Il doit être au service du peuple et de la souveraineté nationale et faire preuve d’une meilleure cohésion. L’équipe ministérielle doit, selon la nouvelle Cheffe du gouvernement, s’illustrer par l’efficacité dans la réalisation, la réactivité face aux urgences et la capacité à incarner un changement de méthode et de mentalité, rompant avec les pratiques passées.
Les ministres doivent se prévaloir de dévouement, de rigueur et d’engagement.
Six chefs de gouvernement depuis 2019
La nouvelle locataire du Palais de la Kasbah est la seconde femme à être promue à cette haute charge, et la quatrième à occuper ce poste depuis le 25 juillet 2021 après Najla Bouden (du 11 octobre 2021 au 1er août 2023), Ahmed Hachani (du 1er août 2023 au 7 août 2024) et Kamel Madouri (du 7 août 2024 au 20 mars 2025).
Depuis l’accession de Kaïs Saïed à la magistrature suprême en octobre 2019, six (6) chefs de gouvernement se sont succédé à ce poste. En effet, aux quatre précédemment nommés, il faut ajouter Elyès Fakhfakh (de février à septembre 2020), puis Hichem Mechichi (de septembre 2020 à juillet 2021).
Qui est Sarra Zaâfrani ?
Compétence et intégrité
Âgée de 62 ans, elle est la deuxième femme à diriger un gouvernement en Tunisie, après Najla Bouden, et incarne une nouvelle étape dans la promotion des femmes aux plus hautes fonctions de l’État.
Diplômée en génie civil de l’École nationale d’ingénieurs de Tunis (ENIT), Sarra Zaâfrani Zenzri a également obtenu un diplôme de spécialisation en génie géotechnique de l’Université de Hanovre en Allemagne. Pour renforcer ses compétences en administration publique, elle a suivi des formations à l’Institut de Défense nationale et à l’École nationale d’administration (ENA).

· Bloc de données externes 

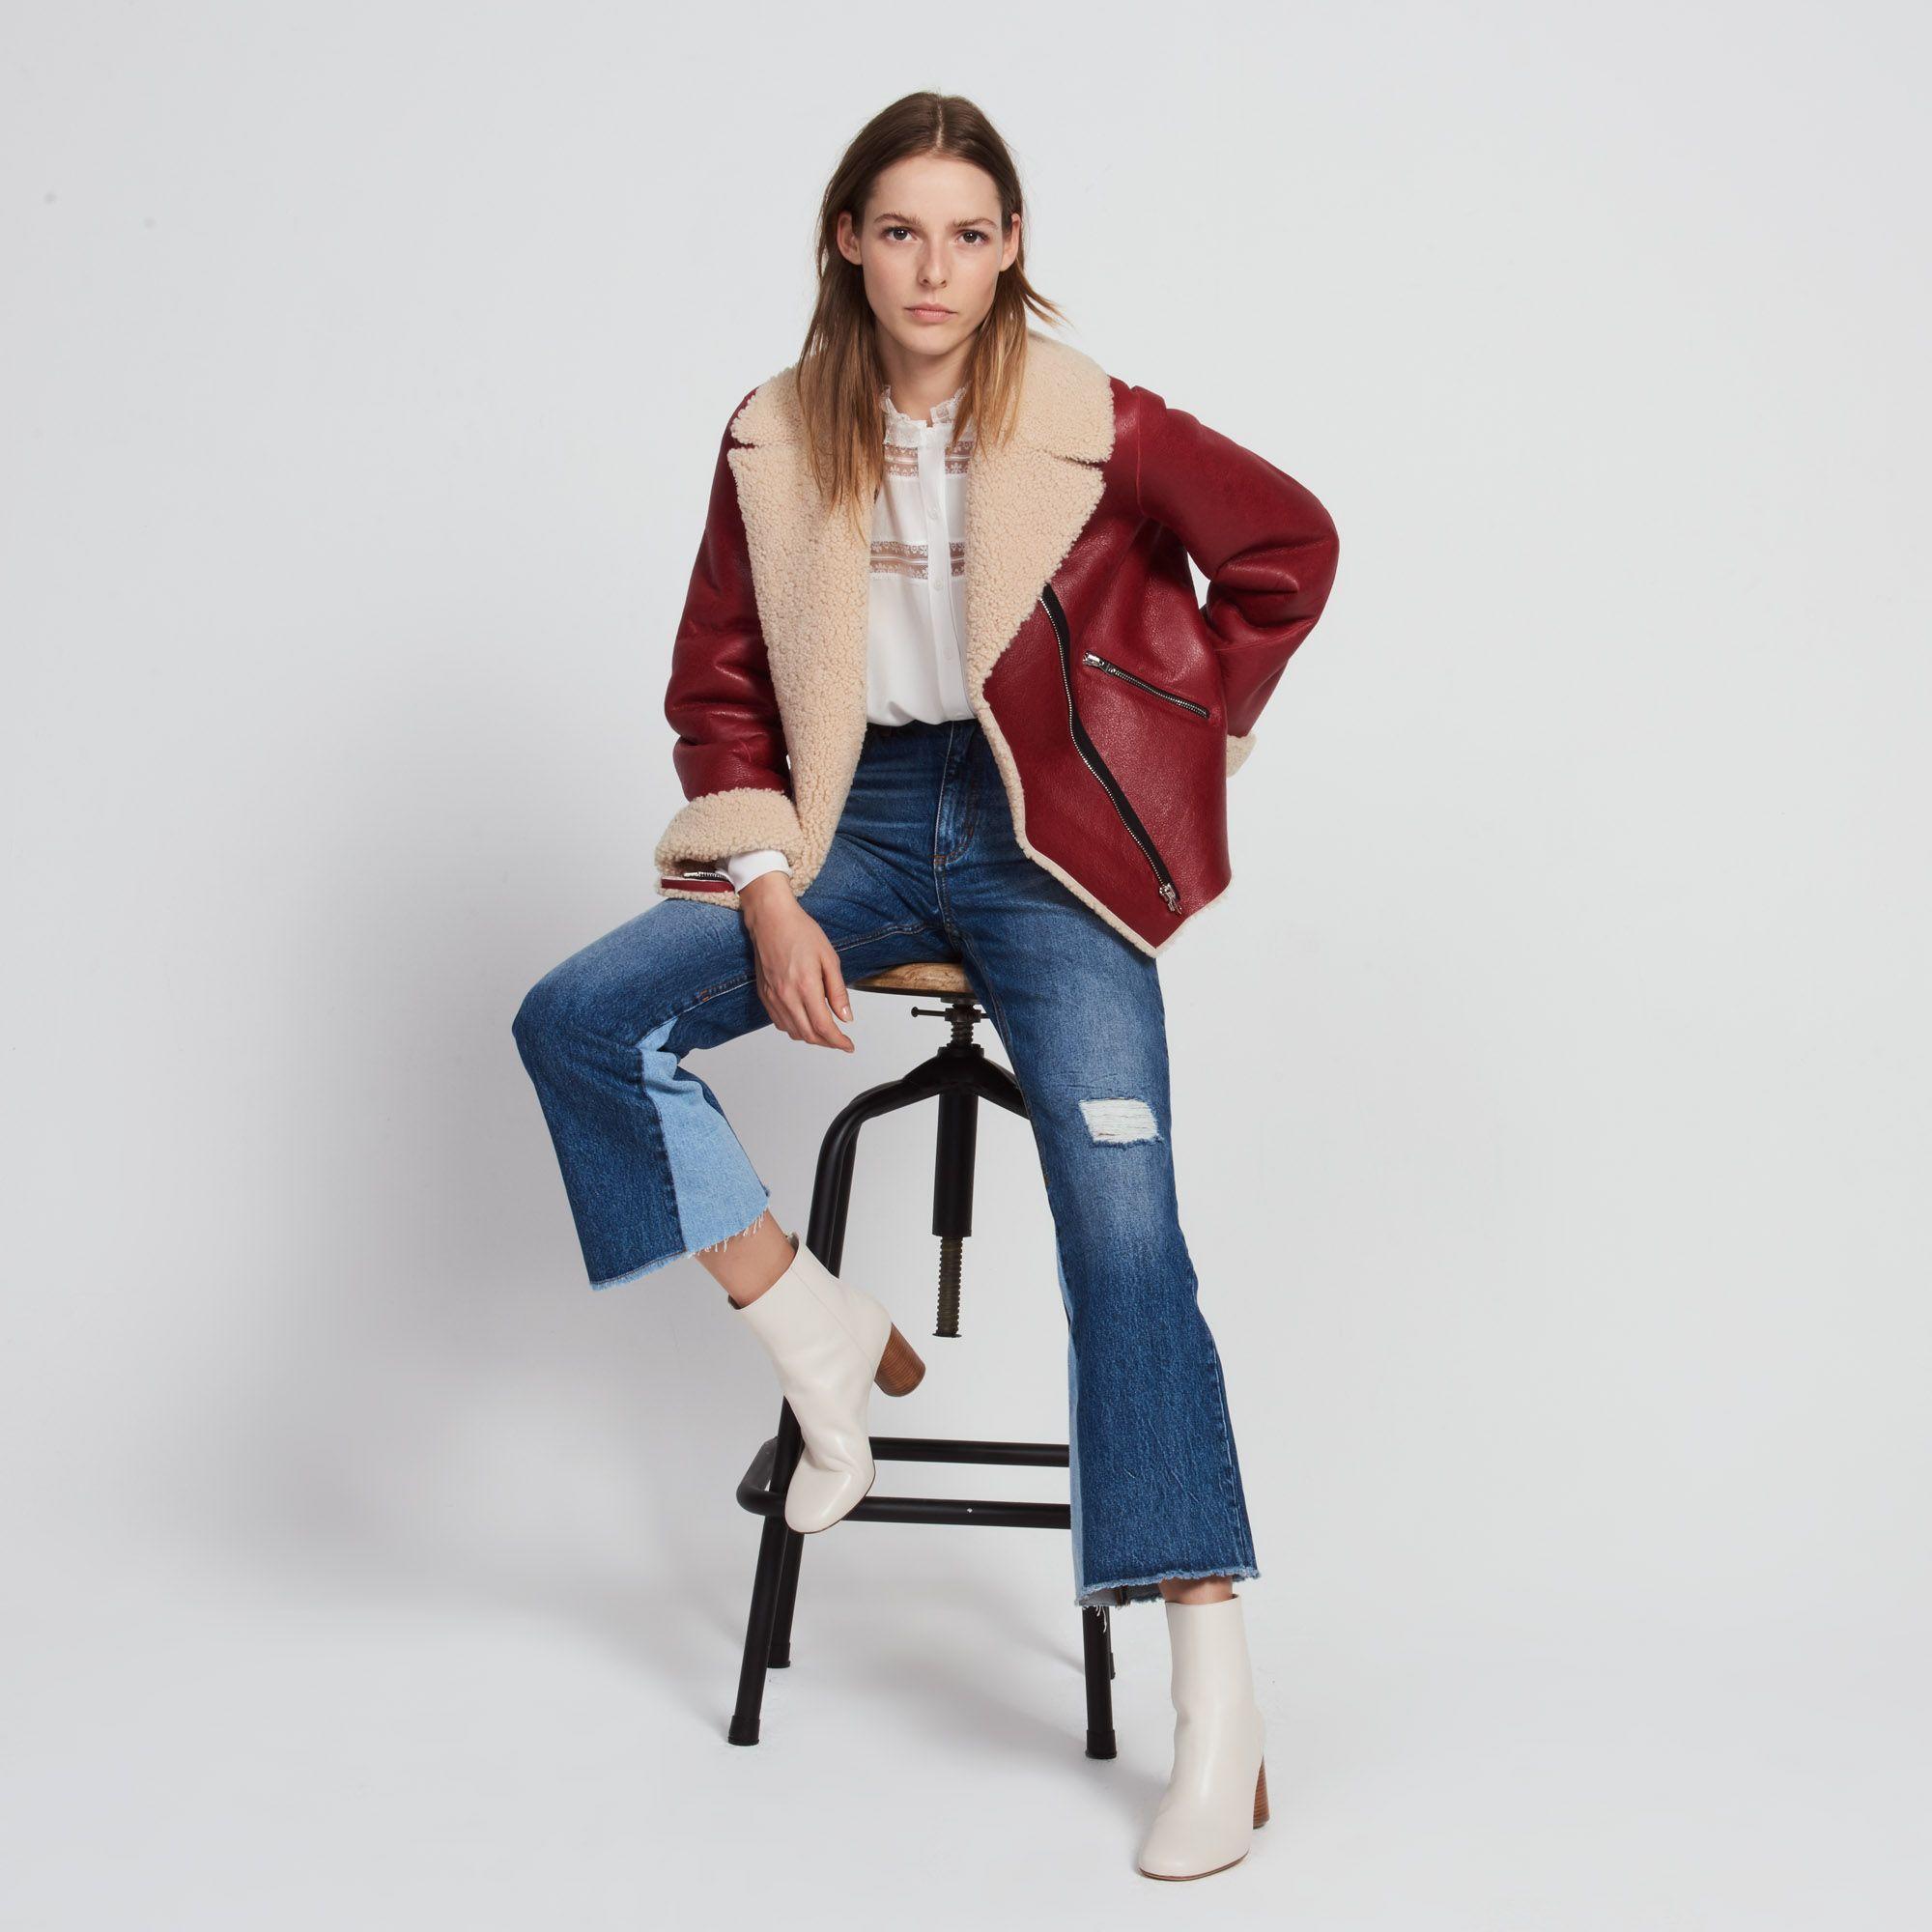 2a982dd33 Sheepskin jacket - Coats - Sandro-paris.com | chloe look | Designer ...

À l’automne 2019, elle a complété un cycle de formation en politiques publiques, renforçant son expertise en gestion étatique.

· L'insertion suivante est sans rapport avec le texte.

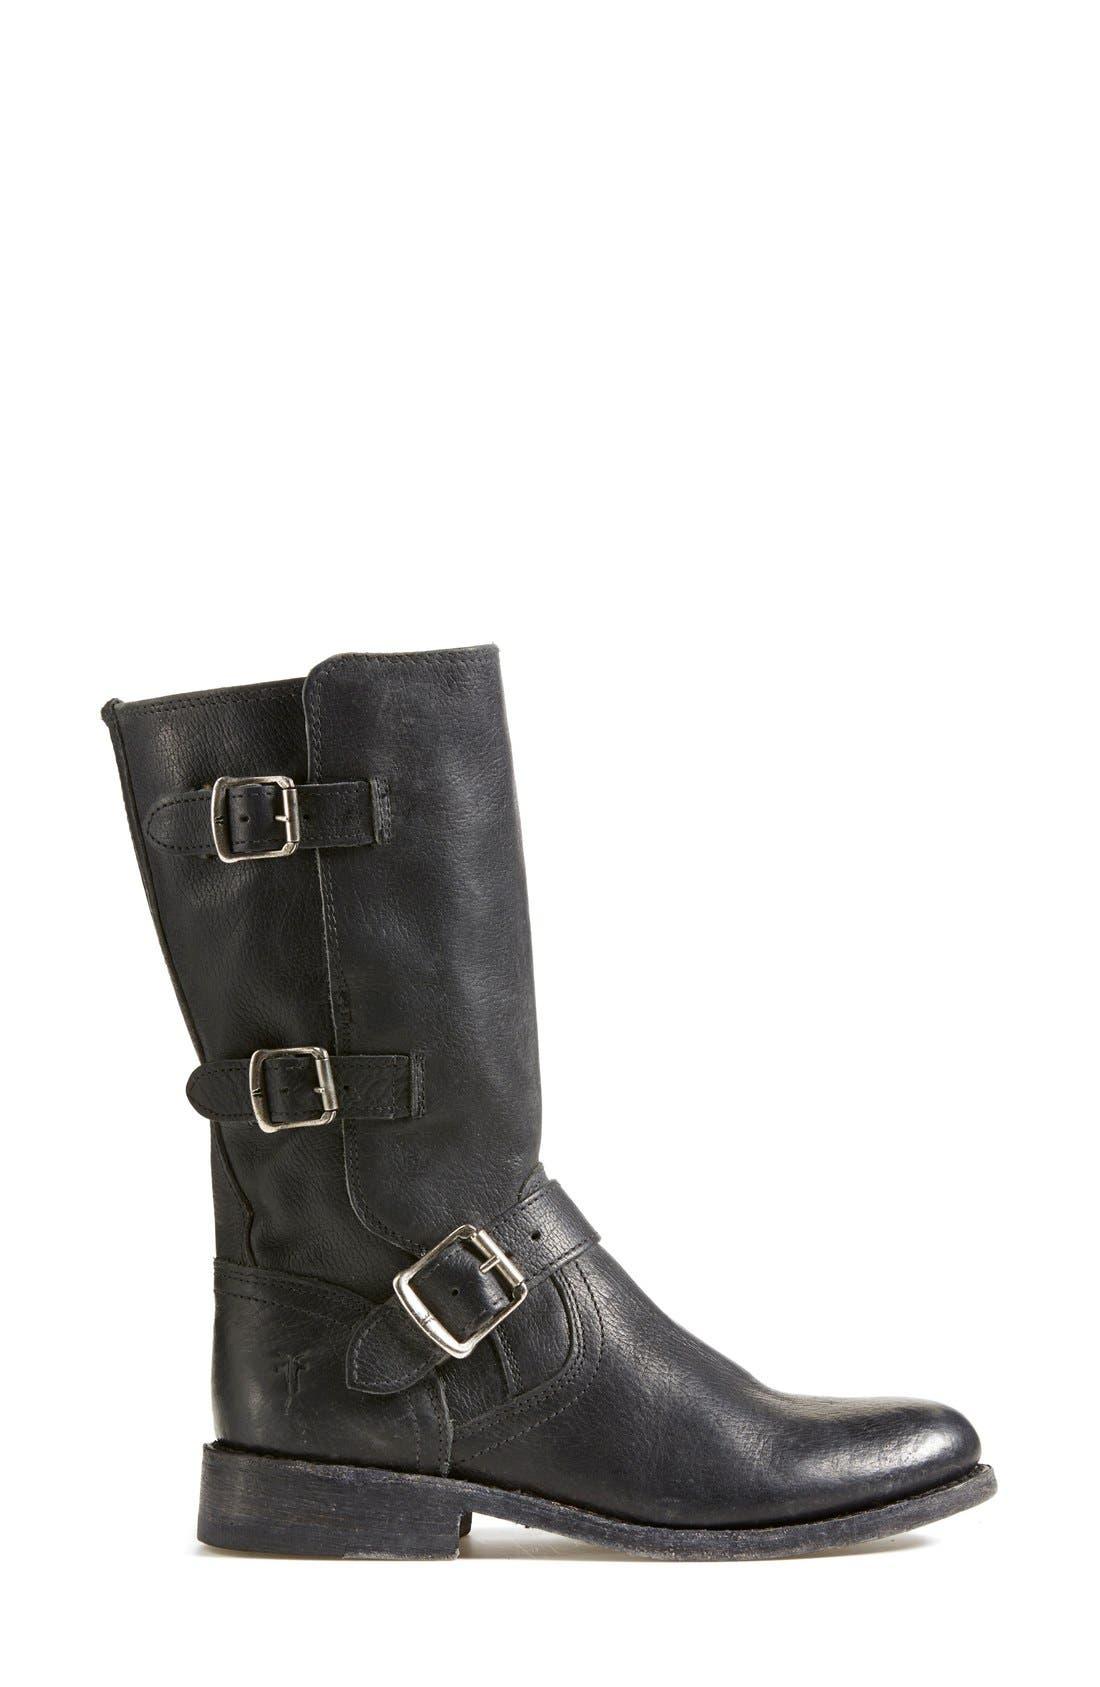 'Jayden' Leather Moto Boot,                             Alternate thumbnail 6, color,                             001

Entrée dans la fonction publique en 1989, elle intègre le ministère de l’Équipement, de l’Habitat et de l’Infrastructure en tant qu’ingénieure à la direction des Ponts et Chaussées.
En 1992, elle est promue cheffe du service des ouvrages spéciaux, où elle supervise de grands projets d’infrastructure. Elle atteint le grade d’ingénieur général en 2010.
En janvier 2014, elle prend la direction générale de l’unité de gestion par objectifs, chargée du suivi des projets autoroutiers et de la libération des emprises foncières urbaines.
En octobre 2021, elle entre au gouvernement Najla Bouden en tant que ministre de l’Équipement et de l’Habitat. Elle s’y distingue par son efficacité dans le suivi des grands chantiers nationaux.
Désignée Cheffe du gouvernement en mars 2025, Sarra Zaâfrani Zenzri incarne le profil technocratique. Sans affiliation partisane connue, elle est perçue comme une fonctionnaire efficace et intègre, dotée d’une maîtrise des rouages administratifs. Polyglotte, elle parle arabe, français, anglais et allemand, un atout pour représenter la Tunisie sur la scène internationale. Elle incarne le profil technocratique en ces temps où la Tunisie est confrontée à de graves difficultés économiques et financières, avec une croissance poussive de 0,4% en 2024, un taux de chômage de 16% et une dette équivalente à environ 80% de son produit intérieur brut (PIB).
Sa nomination conforte la démarche du président visant à confier les rênes du pouvoir à des personnalités expérimentées et neutres politiquement.